Andrew Cooper posted 1 patch 3 years, 10 months ago
Patches applied successfully (tree, apply log)
git fetch https://github.com/patchew-project/xen tags/patchew/20200505182539.12247-1-andrew.cooper3@citrix.com
xen/arch/x86/hvm/svm/asid.c       | 9 ++++++---
xen/include/asm-x86/hvm/svm/svm.h | 1 +
2 files changed, 7 insertions(+), 3 deletions(-)
[PATCH] x86/svm: Use flush-by-asid when available
Posted by Andrew Cooper 3 years, 10 months ago
AMD Fam15h processors introduced the flush-by-asid feature, for more fine
grain flushing purposes.

Flushing everything including ASID 0 (i.e. Xen context) is an an unnecesserily
large hammer, and never necessary in the context of guest TLBs needing
invalidating.

When available, use TLB_CTRL_FLUSH_ASID in preference to TLB_CTRL_FLUSH_ALL.

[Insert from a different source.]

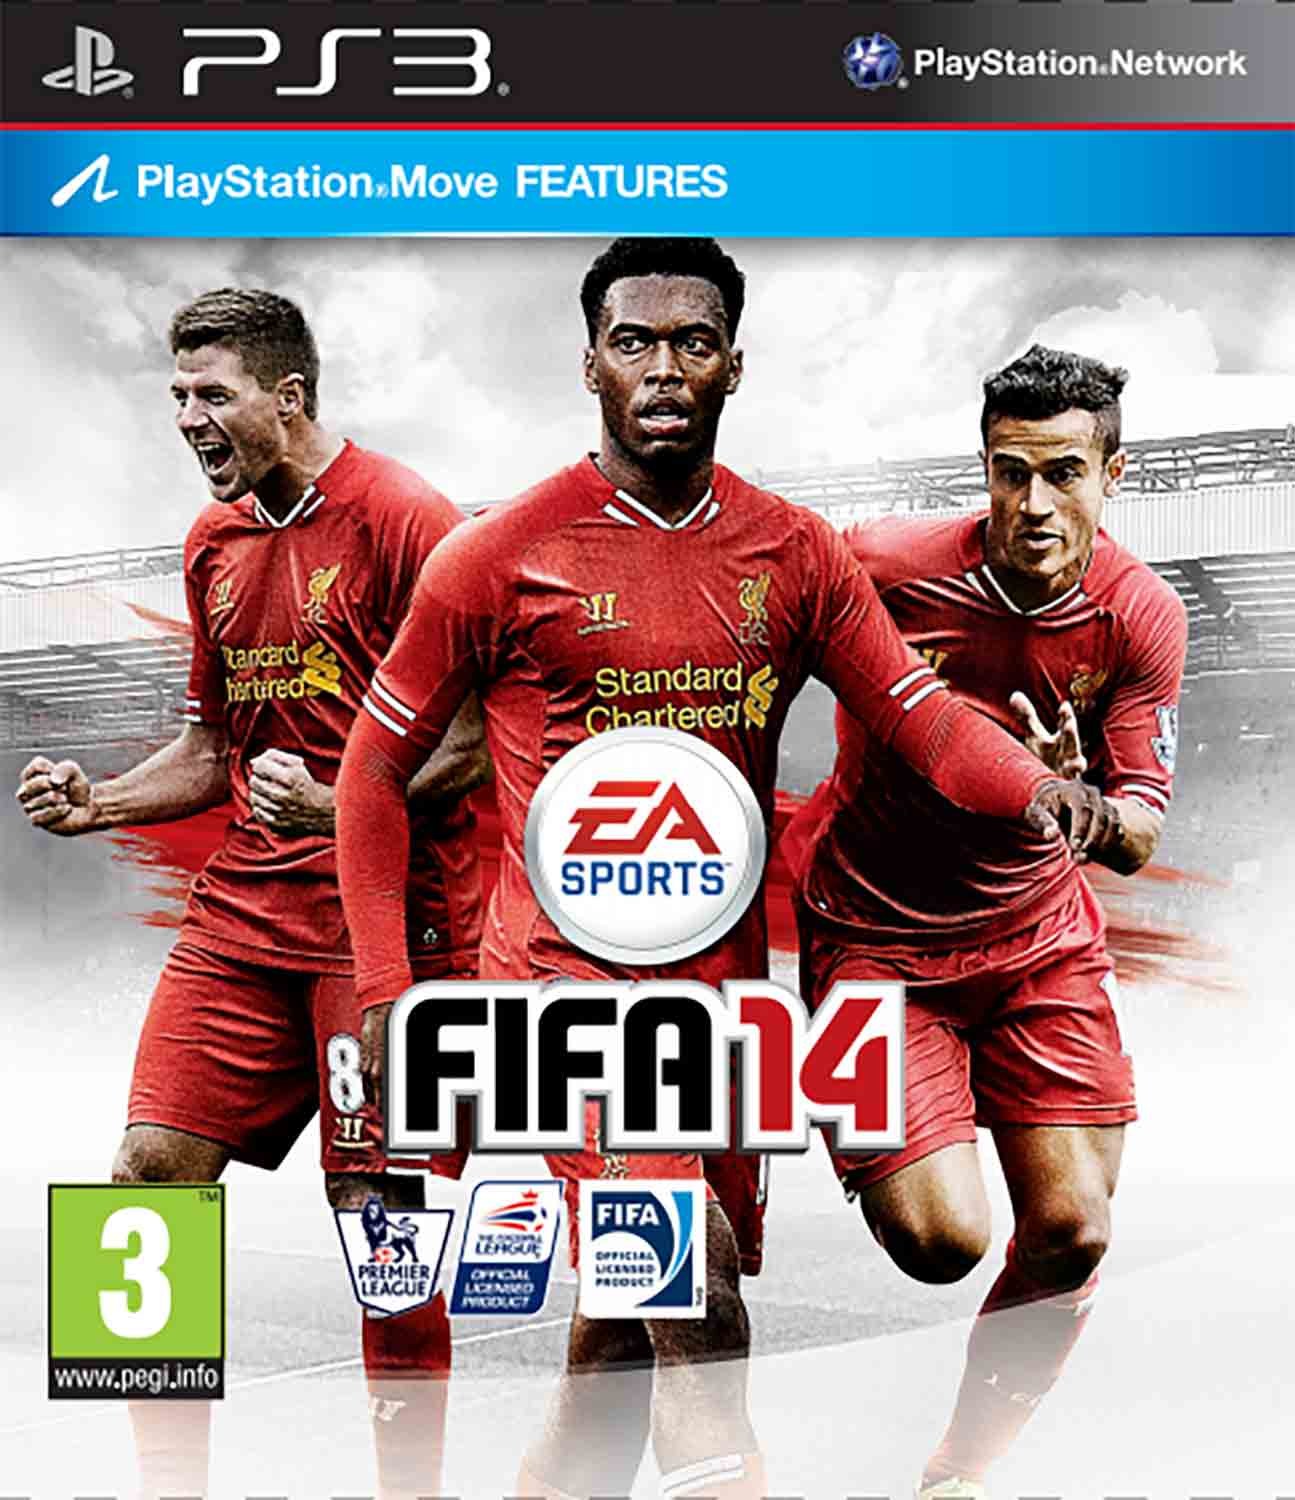 Hra FIFA 14 pro PS3 Playstation 3 konzole

Signed-off-by: Andrew Cooper <andrew.cooper3@citrix.com>
---
CC: Jan Beulich <JBeulich@suse.com>
CC: Wei Liu <wl@xen.org>
CC: Roger Pau Monné <roger.pau@citrix.com>

The APM currently describes tlb_control encoding 1 as "Flush entire
TLB (Should be used only by legacy hypervisors.)".  AMD have agreed that this
is misleading and should say "legacy hardware" instead.

This change does come with a minor observed perf improvement on Fam17h
hardware, of ~0.6s over ~22s for my XTF pagewalk test.  This test will spot
TLB flushing issues, but isn't optimal for spotting the perf increase from
better flushing.  There were no observed differences for Fam15h, but this
could simply mean that the measured code footprint was larger than the TLB on
this CPU.
---
 xen/arch/x86/hvm/svm/asid.c       | 9 ++++++---
 xen/include/asm-x86/hvm/svm/svm.h | 1 +
 2 files changed, 7 insertions(+), 3 deletions(-)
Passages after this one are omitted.